アトラシアン株式会社 ソリューションエンジニア 古川 亨氏
アトラシアン株式会社 ソリューションエンジニア 古川 亨氏

「コードを書かない時間」に忙殺されるソフトウェアエンジニア

 一般的なソフトウェア開発のライフサイクルは、プロダクトディスカバリーや要件定義から始まり、設計、実装、テスト、デプロイ、そしてフィードバックといった流れで構成されている。その一方で、多くの開発現場において、エンジニアは実装作業だけでなく、ドキュメントの所在確認やプロダクトマネージャーとの要件調整といった作業に忙殺されている現実がある。古川氏は、特に大規模な既存コードベースの言語移行や、要件が曖昧なままタスクが降りてくる状況といった、技術的には可能だが心理的・時間的負担が大きい作業の存在を指摘する。
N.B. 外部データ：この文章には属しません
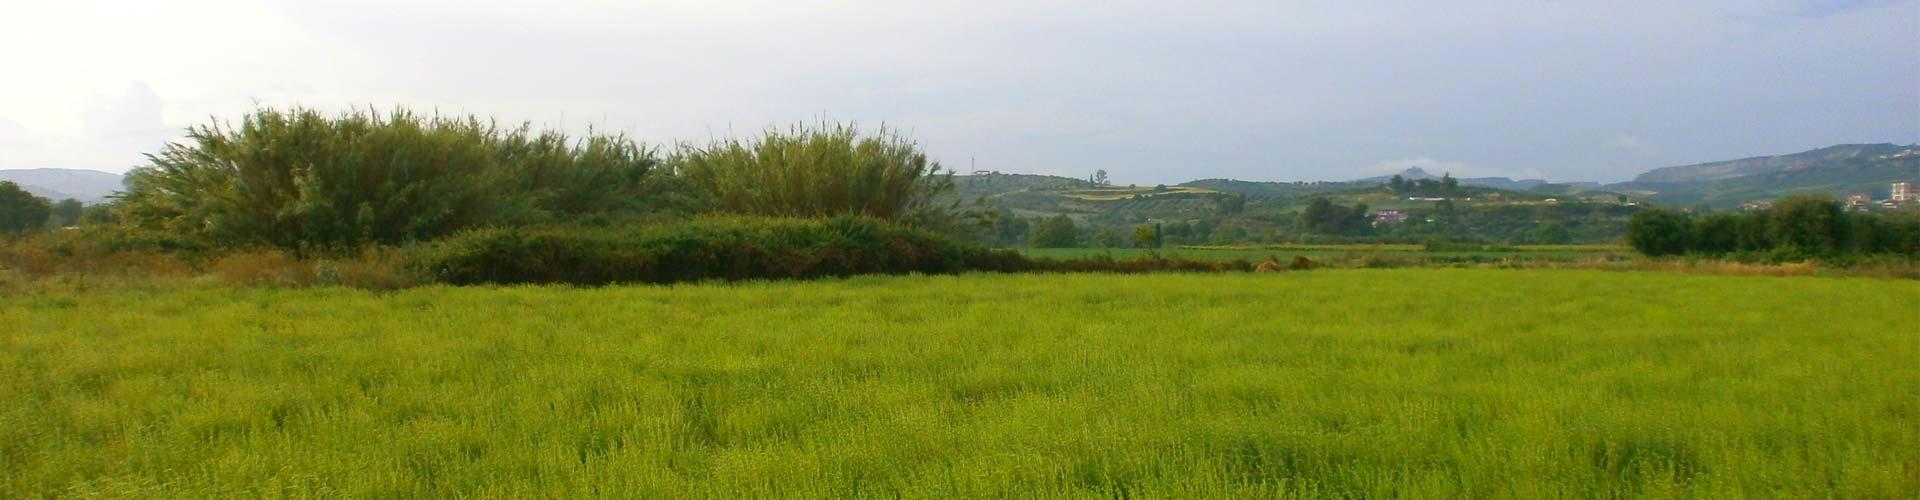 Aroma Farms

 これらの課題に対し、アトラシアンが提案する答えがコーディングAI「Rovo Dev」だ。これまで同社は「Confluence」によるナレッジマネジメントや「Jira」によるプロジェクト管理といった、開発の「周辺」を支えるツールを提供してきた。Rovo Devの登場により、開発工程そのものについてもAIで支援することが可能となる。

 本セッションでは「Todoアプリの改修」という例を通して、Rovo Devを使った2つのデモンストレーションが披露された。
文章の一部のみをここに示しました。